Figure 6. Sample spreadsheet for data analysis. A screenshot of a spreadsheet program showing an example of how to calculate the concentration of H2S using the area of the calibration standard peak and the area of the sample peak. Please click here to view a larger version of this figure.
In order to obtain reliable quantification of H2S for both liquid and gas samples, proper calibration is necessary. For calibration injections and sample injections, the H2S peak should not be overlapping with neighboring peaks and should have a reproducible peak area. Figure 3 shows an injection of a gas sample where the gas is too concentrated for this method. It was found that gas concentrations of greater than 500 ppm using a 250 µl syringe overloaded the detector. This issue was not encountered for liquid samples, as gas phase concentrations of H2S were generally much higher than in the liquid. The overloading issue was addressed by injecting a smaller volume of gas. It was found that adjusting other parameters such as split ratio degraded the chromatographic performance, whereas smaller injection volumes were the most reproducible. For both liquid and gas injections the first injection often had a different peak area than the three subsequent injections, and was regularly discarded. The SCD was also calibrated at the beginning of each day of analysis.
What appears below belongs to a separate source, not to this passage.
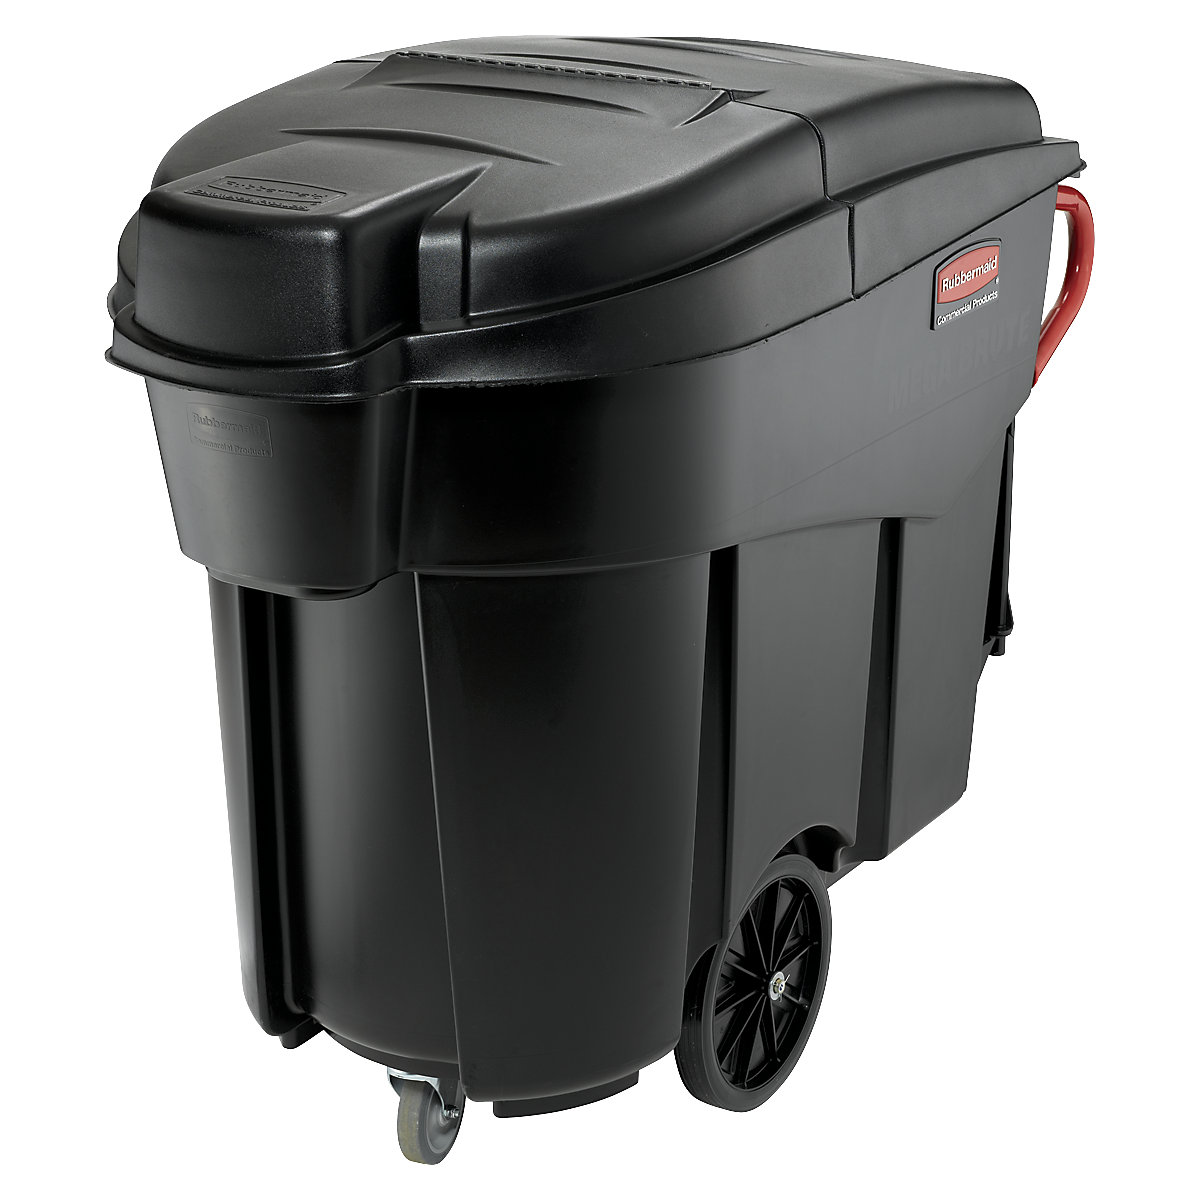 Rubbermaid – Mega BRUTE® lid for mobile waste collector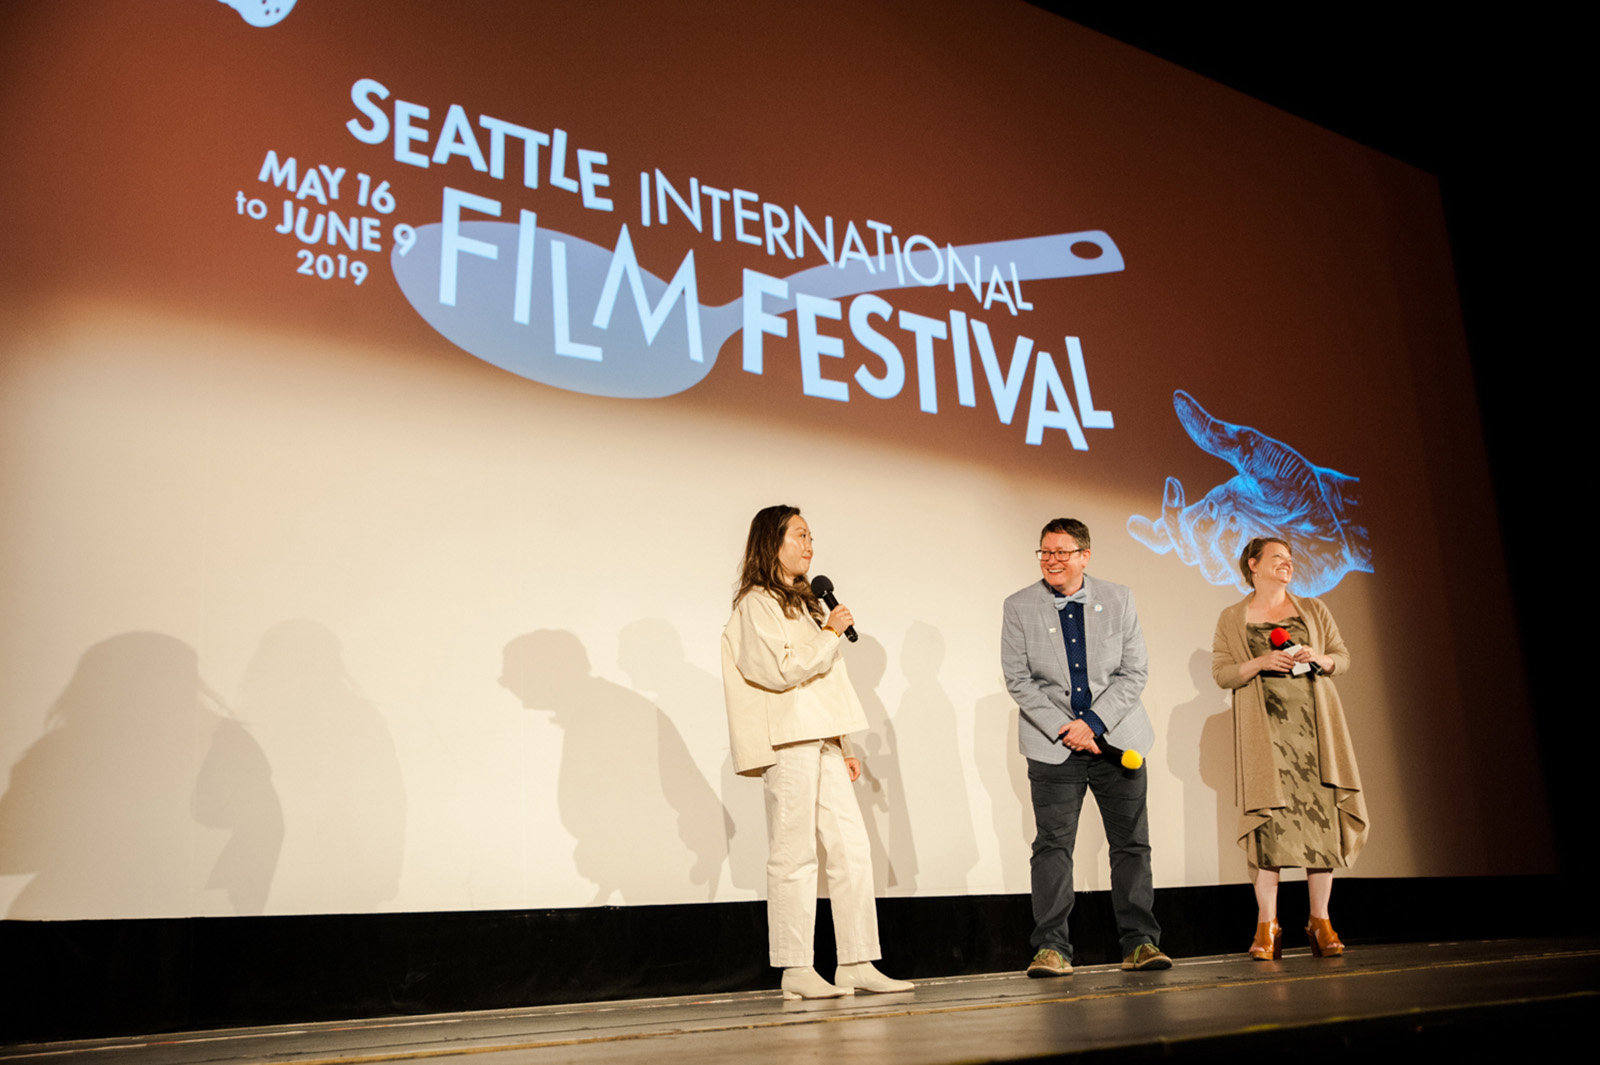 Director, Lulu Wang, answers questions from SIFF's Beth Barrett and Amy Fulford after the screening of her film, The Farewell, on Closing Night

Figures 7 and 8 illustrate typical chromatograms achieved using this method. The H2S peak is close to, but does not coelute with, neighboring peaks. Other peaks in the chromatograms were not identified, as the focus of the protocol was H2S. Proper timing and balancing of the Deans switch is essential for achieving and maintaining good separation and chromatography of H2S. An improperly timed switch will be indicated by small, variable peak areas, or intermittent loss of peaks. If pressures are not balanced properly, the H2S gas will be split between both detectors, or will not be heart cut properly to the PLOT column, resulting in an absence of peaks. Backflushing occurs after the separation, and should not interfere with H2S measurement. Regular blank injections of toluene should indicate no carryover or system contamination.
Figure 7. Representative liquid crude chromatogram. A chromatogram of a liquid crude sample that contains 26.3 ppm of dissolved H2S. The H2S peak is identified with an arrow. Please click here to view a larger version of this figure.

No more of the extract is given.